With slopes in mountainous regions up to 35%, or even more, valuable crops have almost no chance to grow unless the soil is deep(er) and can retain more water. The growing season being so short, conditions have to be almost perfect for crops to reach maturity (in the case of annuals), or to be established by the time the conditions worsen again (in the case of fruit trees).
By returning Carbon to the soil, and letting it decompose in favorable conditions, the succession can happen even without human-intensive systems.
For reasons that are slightly different, hugelkultur can also work in contrasting conditions such as in deserts. This is where land is flatter, and the sun is so strong and close to vertical; thus, hugelkultur can be used to create microclimates (for shade and water retention) that allow to grow more varied plants.
Encourage the development of fungi in the soil
The health of entire ecosystems depends on the spread of fungi, and their symbiosis with bacteria, lichens and other life forms. By returning woody material to the soil, especially where it’s needed because of the shallow depth, this technique slowly creates new pathways for the mycelial network to grow and spread. This process is slow, and sometimes the goal it helps reach is forgotten; but at high altitudes, these webs of life help slow the flow of energy and nutrients, and create much better conditions for life to thrive at lower altitudes.
So hugelkultur is more than just a one-dimensional technique, in has an impact in the long term as well.
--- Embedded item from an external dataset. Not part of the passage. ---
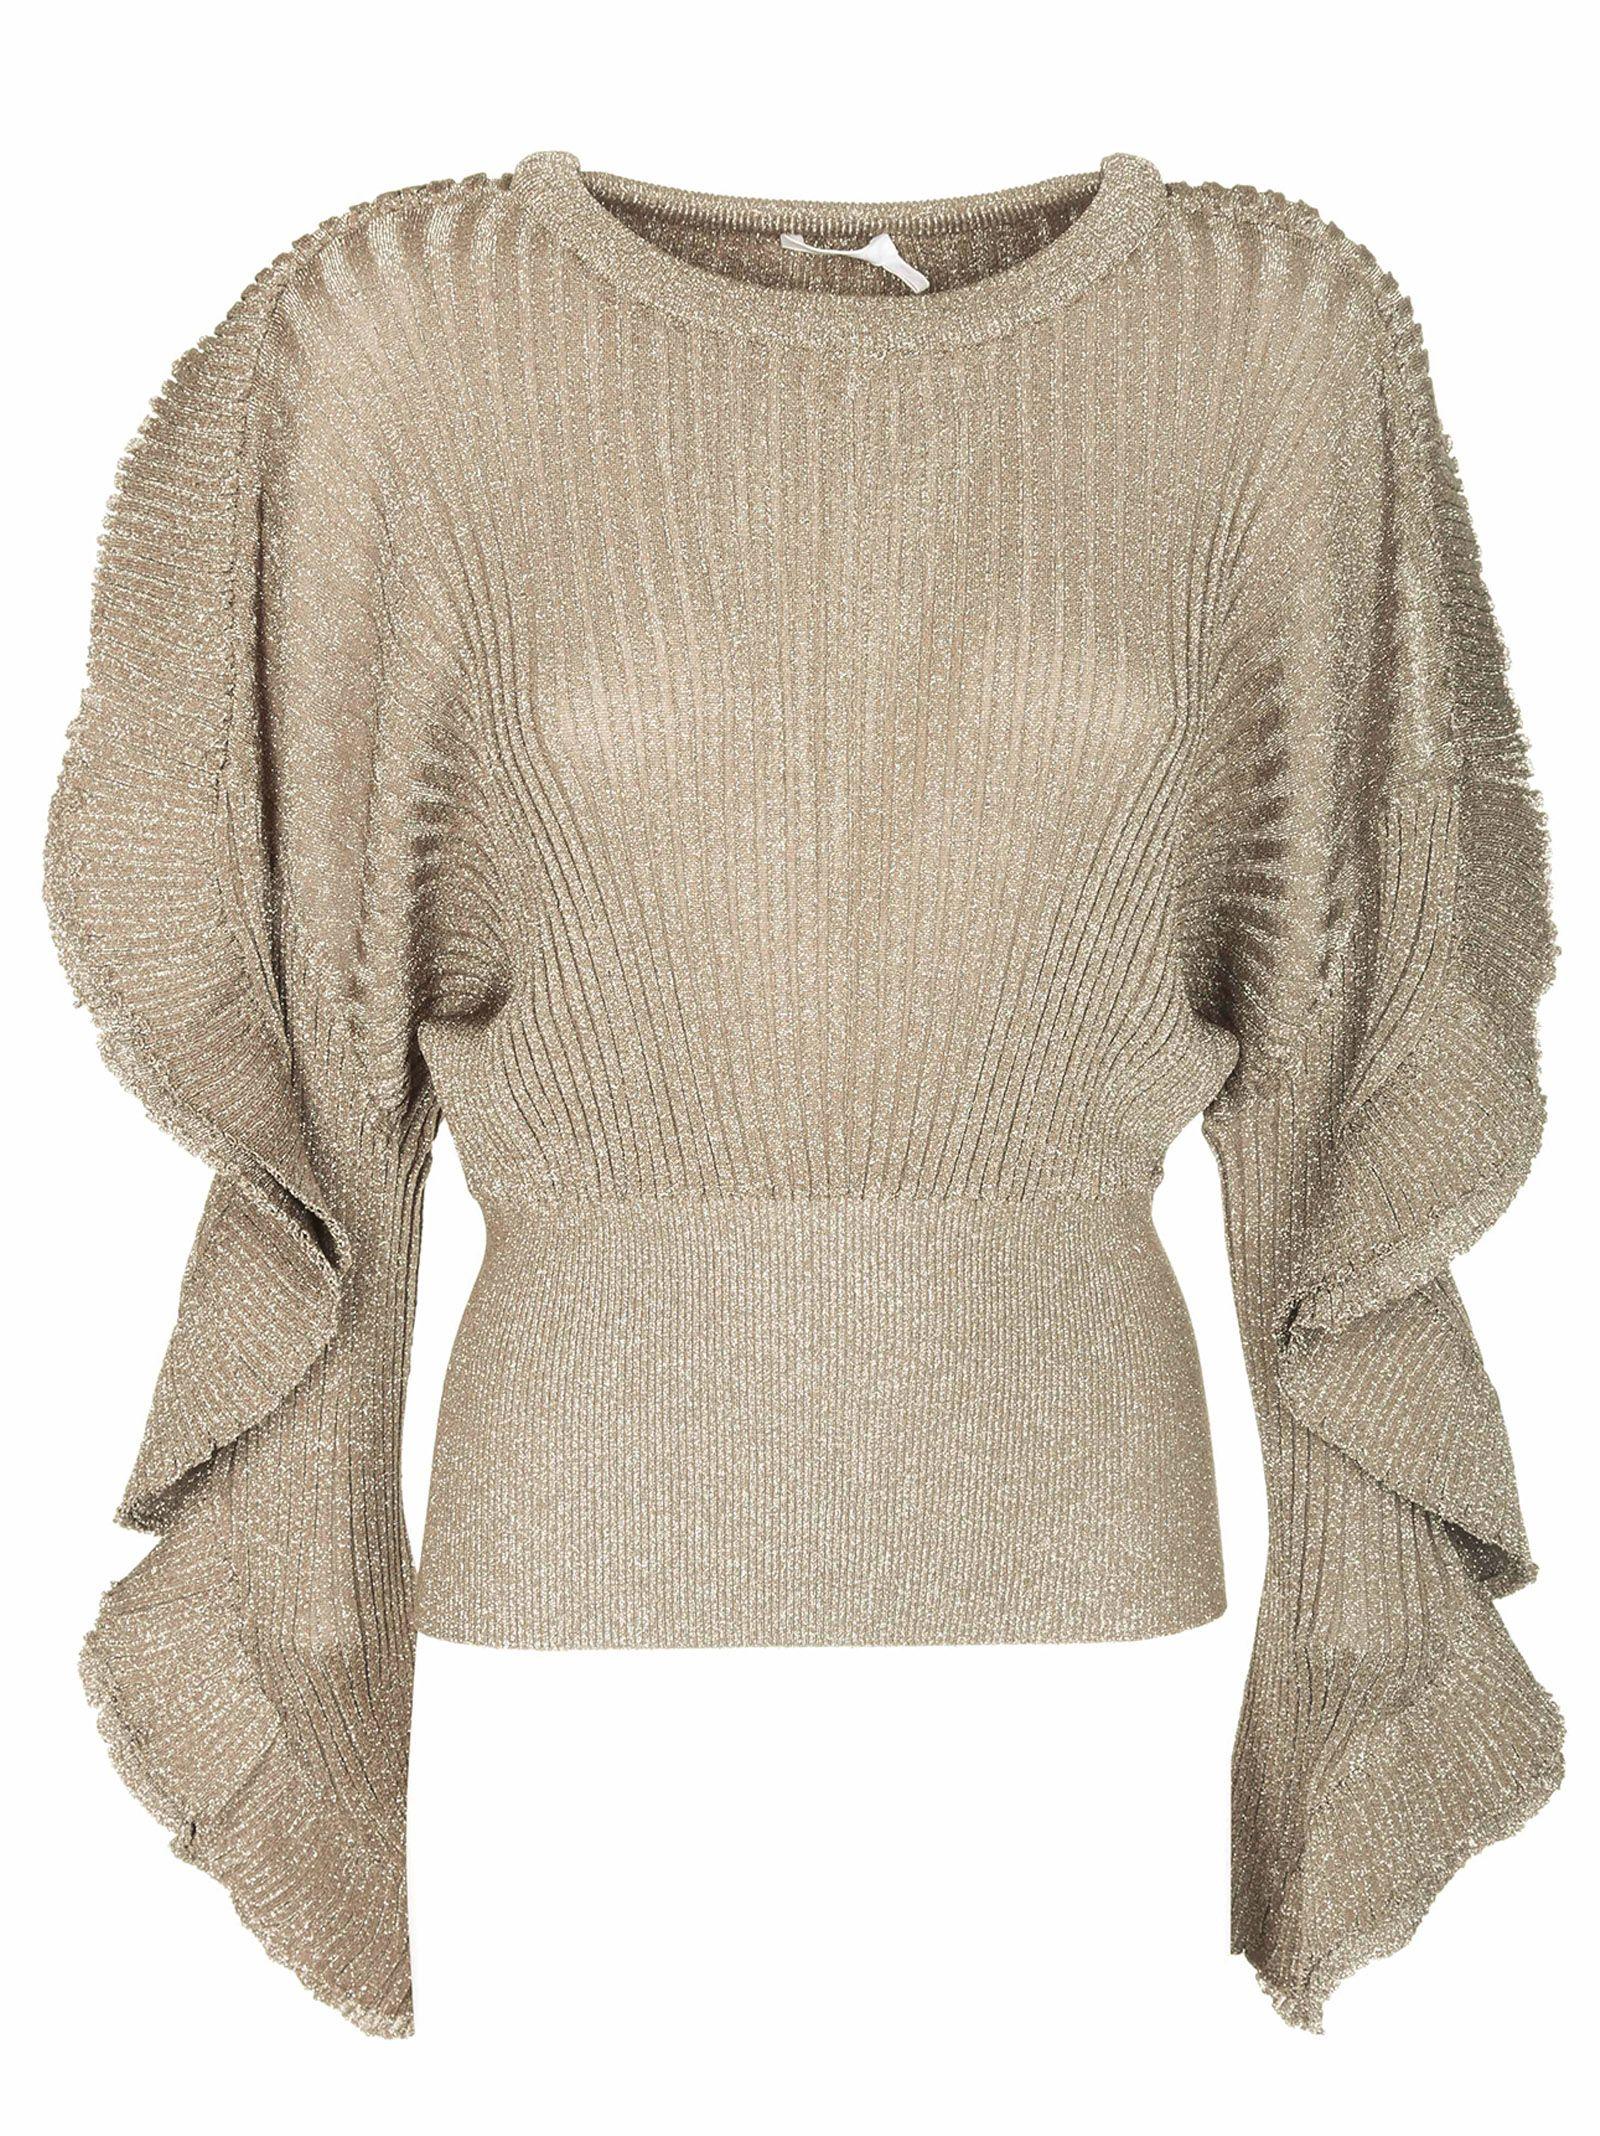 Chloé Ribbed Knit Sweater

When used appropriately (meaning where the resources are abundant, and where succession is done with / for more valuable elements), its benefits are numerous.
Where woody resources are scarce, or where the buried logs are completely covered and the soil becomes anaerobic, it makes little sense to try hugelkultur. Other alternatives exist, and should be taken into consideration, for performing as many of the functions already mentioned.
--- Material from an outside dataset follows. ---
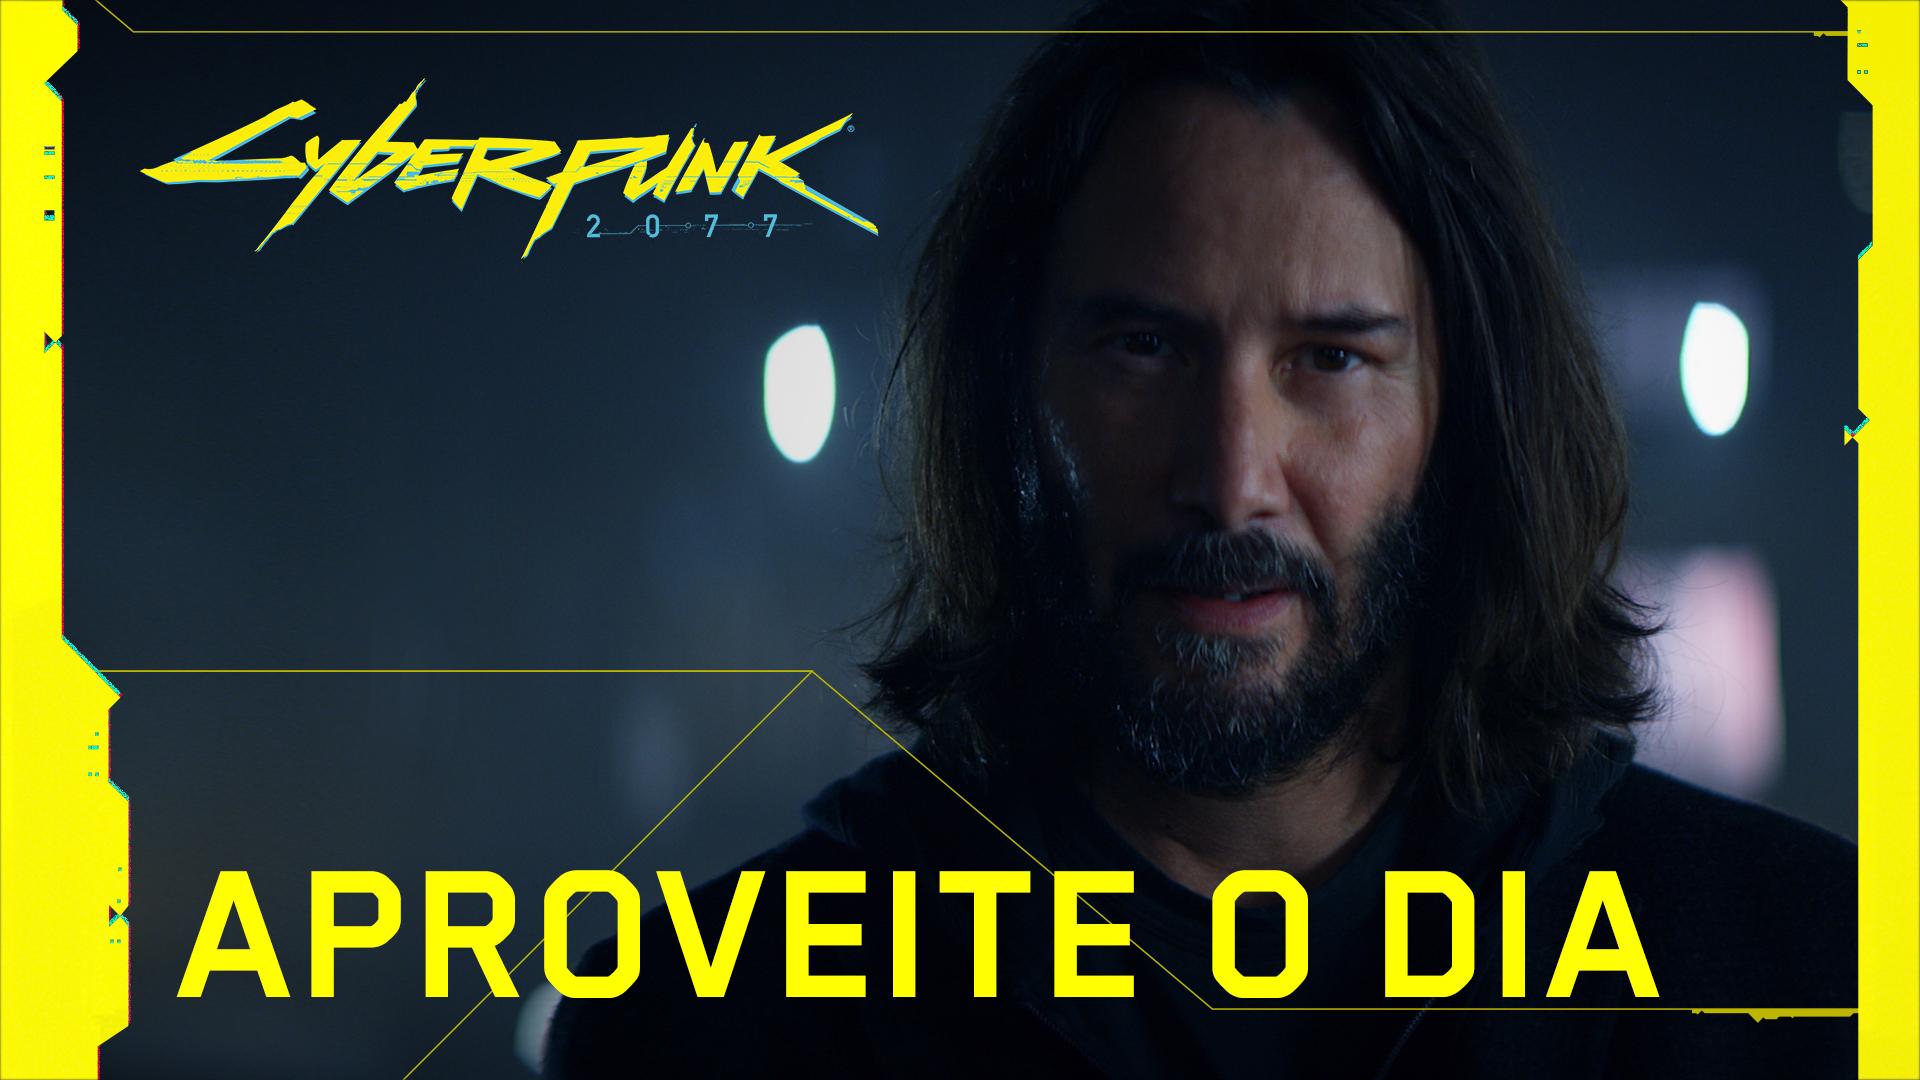 CD Projekt Red   Keanu Reeves estrela novo comercial de Cyberpunk 2077

About the role of fungi in the soil, from the Soil Food Web School: https://youtu.be/Q-utjOt6YcI
Create micro-niches for more varied growth
It is quite obvious, by this point, that hugelkultur creates microniches that greatly improve the quality of soil, and even the surfaces available for plantation. When creating a mound, we arrive at a triangle shaped feature, where the two sides can be used for planting, instead of just the base.
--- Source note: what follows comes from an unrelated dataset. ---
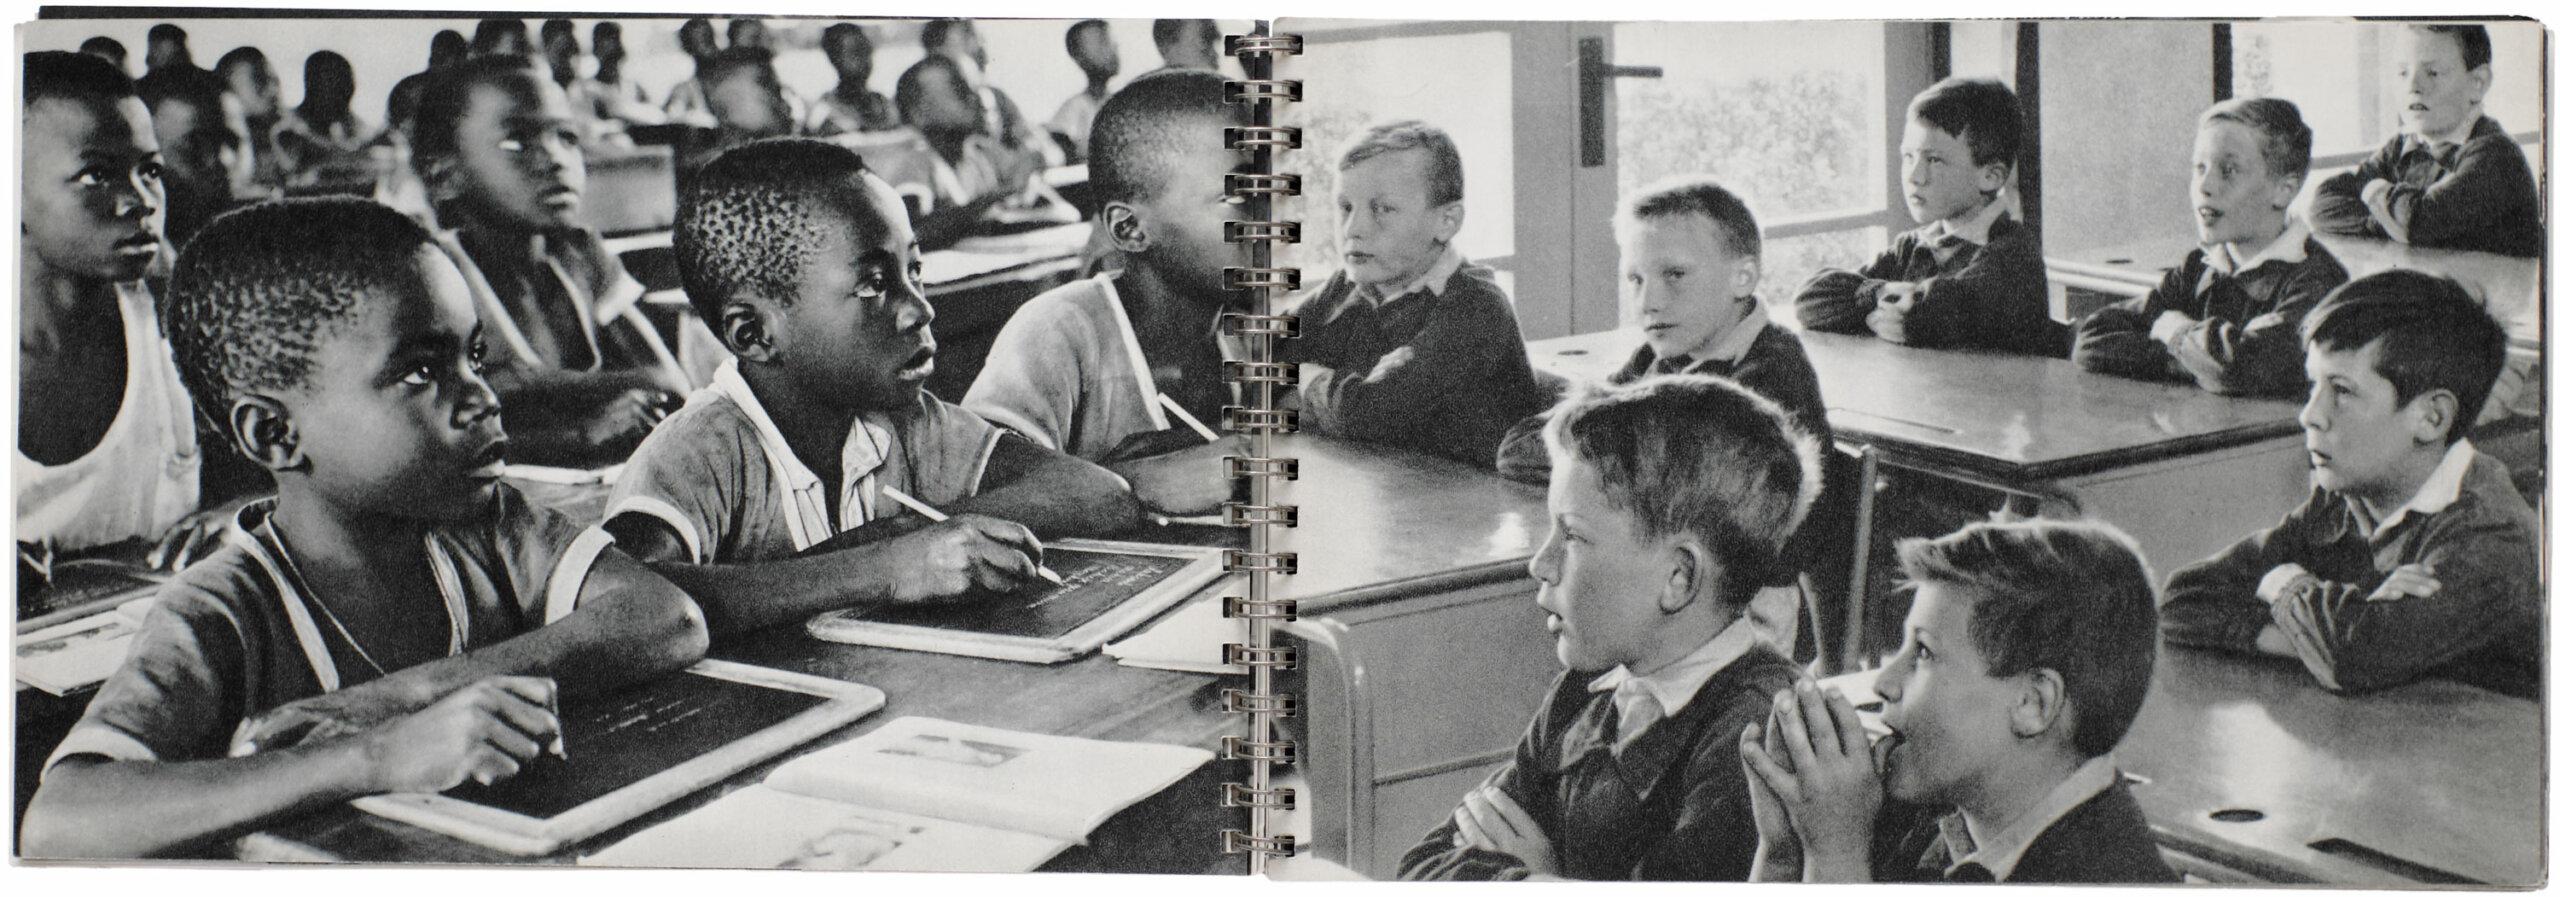 Africainthephotobook-delpire-familyalbum1

More so, each side and each level (high, mid and low) offers different growing conditions. That ranges from well-drained to damp soil, and from sunny to shady. Depending on orientation and prevailing wind, mounds can also protect from phenomenon such as drying of the soil, or light saturation.
As we’ve seen that hugelkultur is viable in different climate types, for each situation it adds a different variable; where in Sepp Holzer’s case the mound slows water, but the top is better drained than the normal condition, in the desert the mound represents a hub for moisture retention. The wood can actually help bring humidity towards the surface, by capillarity, where it would normally stay below the ground, because of the sandy soil.
Read more about Guild layers and Functions: https://vinepermaculture.com/guild-layers-and-functions/
Invite bio-diversity and enhance aesthetics
This function too is linked to the others mentioned above. In difficult conditions, depending on variable criteria (high winds, high evaporation, high altitude), a hugelkultur mound is a contrasting shape; by inviting interactions with wildlife (for example, attracting insects seeking shade, or protection from the wind), as well as capturing organic materials and seeds carried by the wind, the mound creates the conditions for more plants to thrive.
In conclusion, this is a technique that can perform a lot of beneficial functions, and hopefully this article has shed some light on the reasons you might choose to use it, and what you can expect from it as you advance on your Permaculture journey.